More recently on America’s Got Talent there is the wonderful story of a young woman who lost her hearing as a teenager, who writes her own music, plays ukulele and sings beautifully. She spent a few years raging against the world for taking away her dream to be a singer and then figured out a way to do it anyway.
Janine Shepherd is a public speaker and author of several books including “Defiant: A Memoir”. Shepherd had been an aspiring Olympic cross-country skier. She was nearly killed when she was hit by a truck during a training bike ride. Paralyzed and immobile for six months, she was given a grim picture for recovery. Not only did she teach herself to walk again — she learned to fly — becoming an aerobatics pilot. Her TED Talk is: Janine Shepherd: How Can We Redefine Ourselves After A Tragedy? Her story is amazing because she took her story and reformed it to continue to push the edges of her potential, not settling for the Janine Shepherd, disabled story.
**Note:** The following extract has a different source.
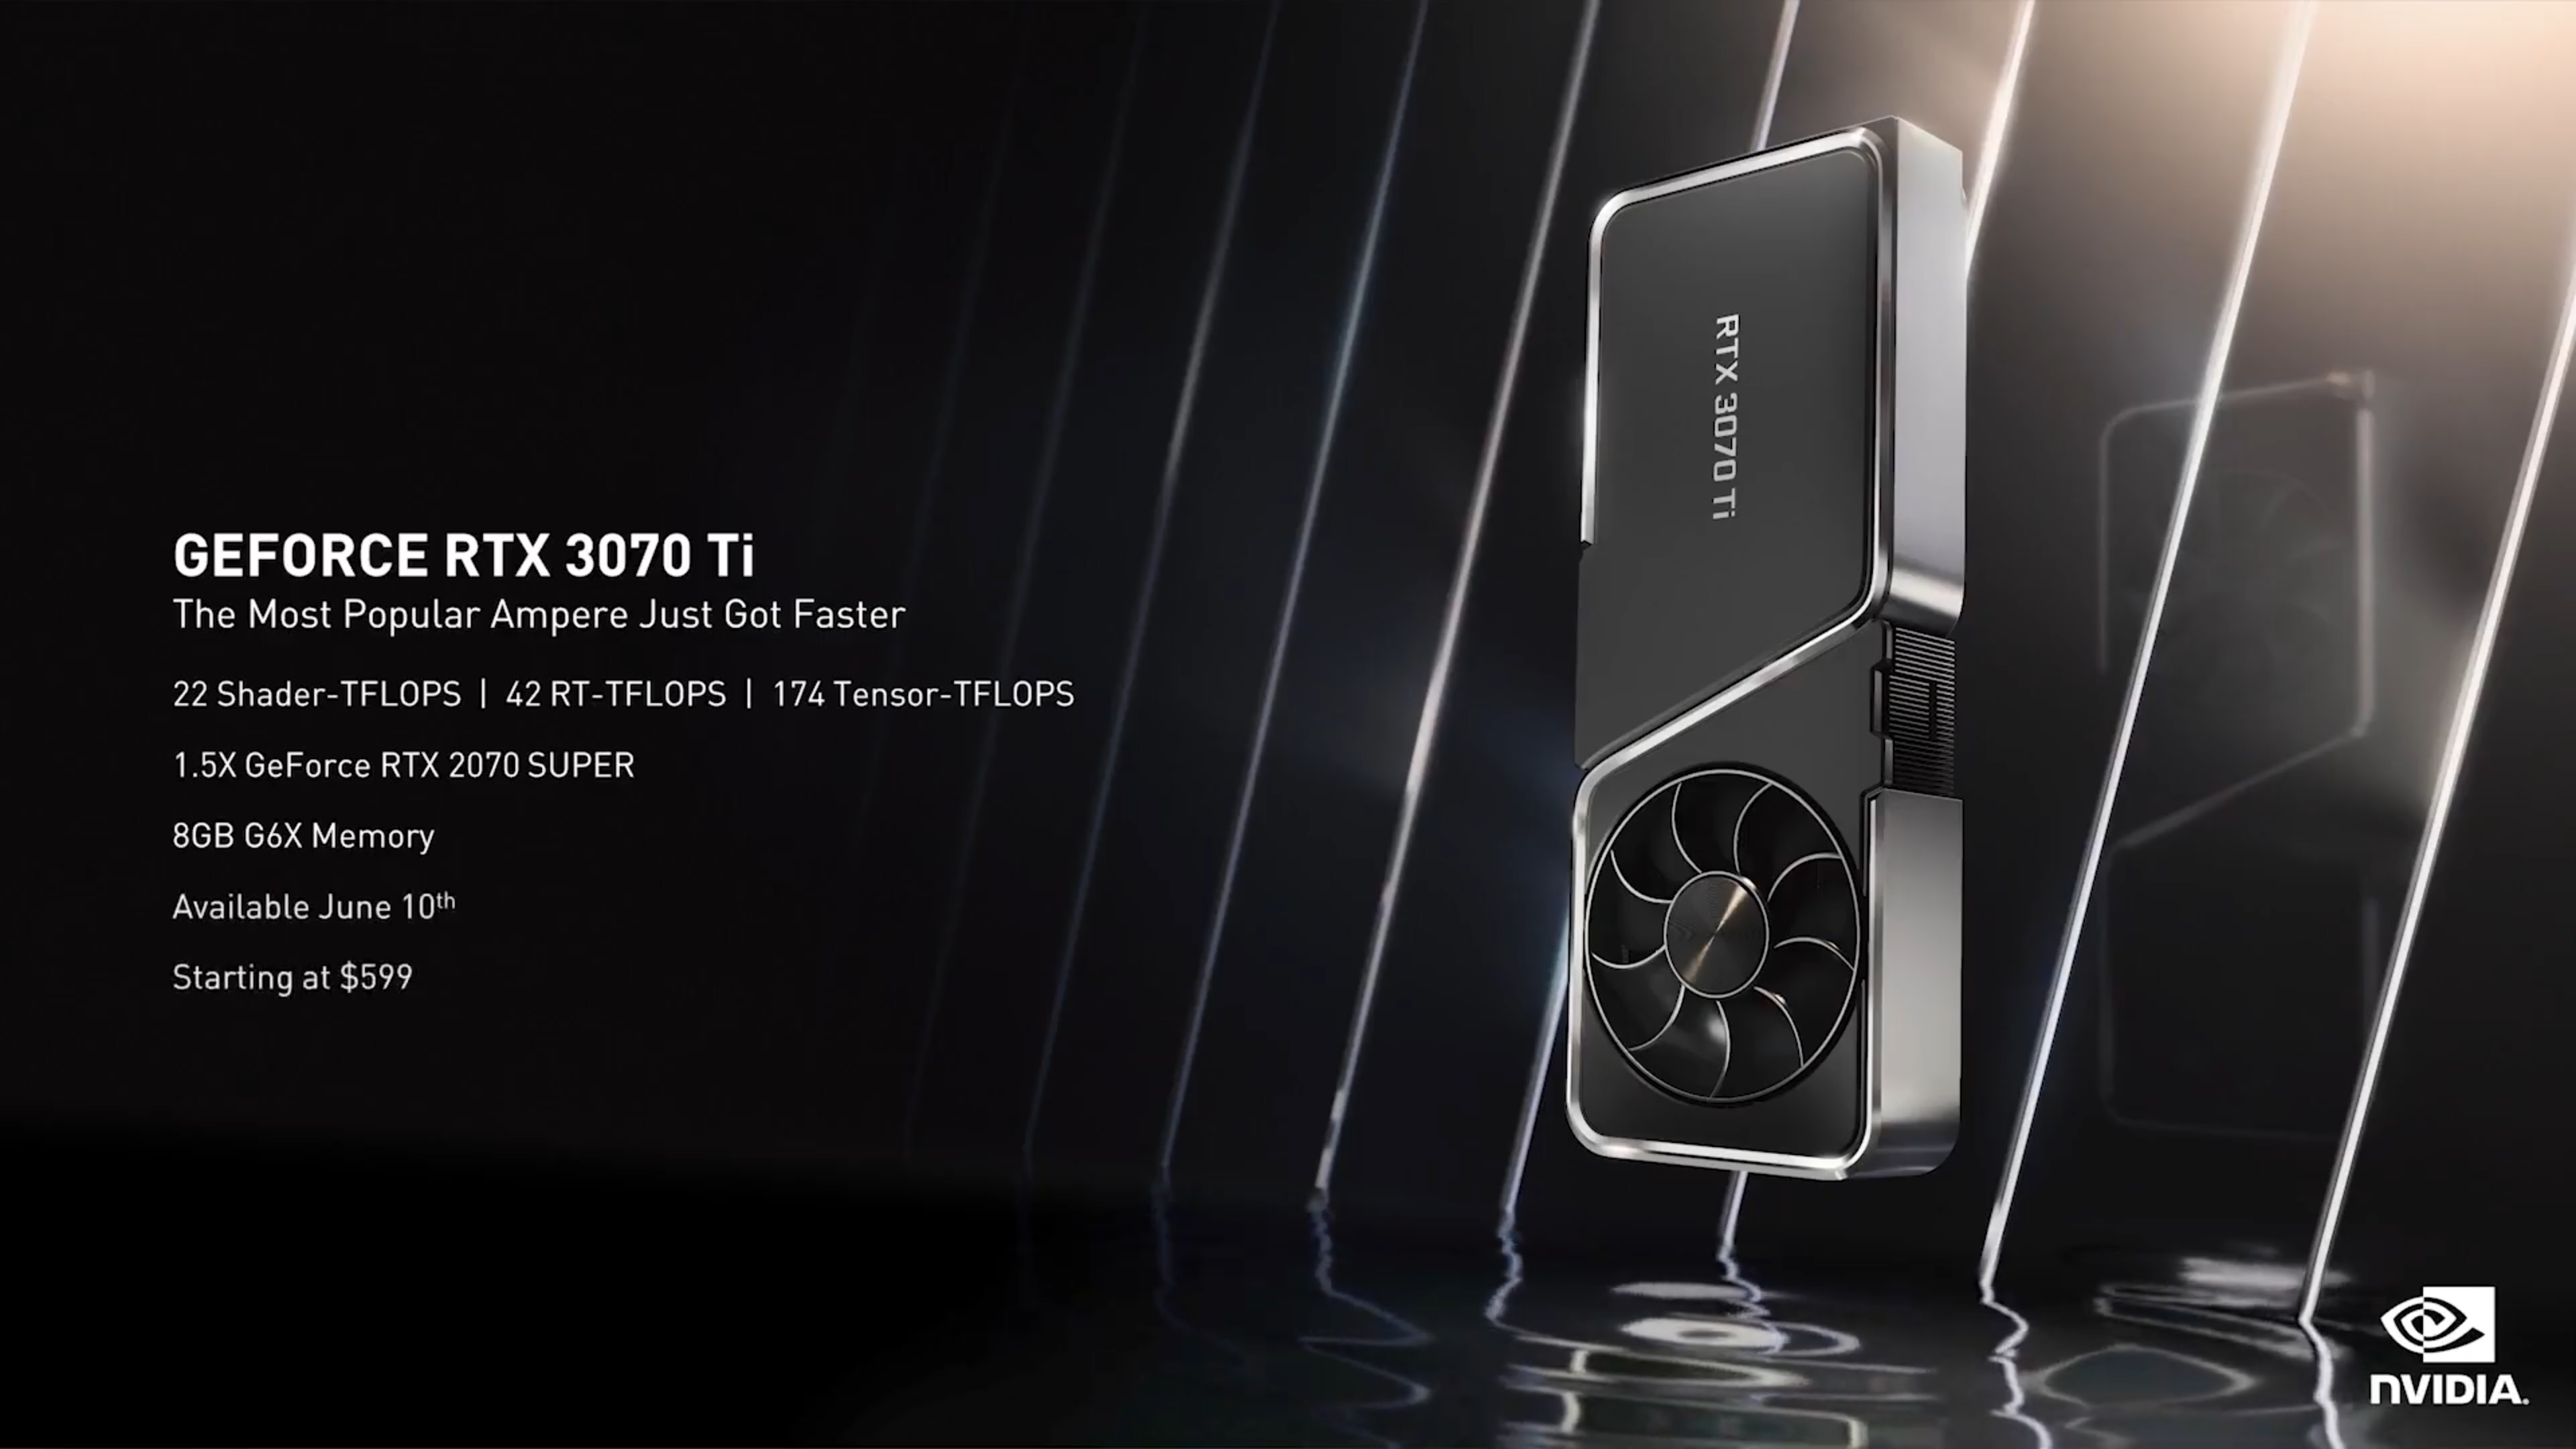 RTX 4060 Ti 16GB launches July 18 amid desperate price cuts

The longer I live, the more I realize the impact of attitude on life. Attitude to me, is more important than facts. It is more important than the past, the education, the money, than circumstances, than failure, than successes, than what other people think or say or do. It is more important than appearance, giftedness or skill. It will make or break a company . . . a church . . . a home. The remarkable thing is we have a choice everyday regarding the attitude we will embrace for that day. We cannot change our past . . . we cannot change the fact that people will act in a certain way. We cannot change the inevitable. The only thing we can do is play on the one string we have, and that is our attitude. I am convinced that life is 10% what happens to me and 90% of how I react to it. And so it is with you . . . we are in charge of our Attitudes.
– Charles R. Swindell
So what are some tools you can use to lasso those big dreams into the barn? One suggestion is to have either a half day or full day block of time to write and brainstorm about the ideas on how to accomplish your dreams.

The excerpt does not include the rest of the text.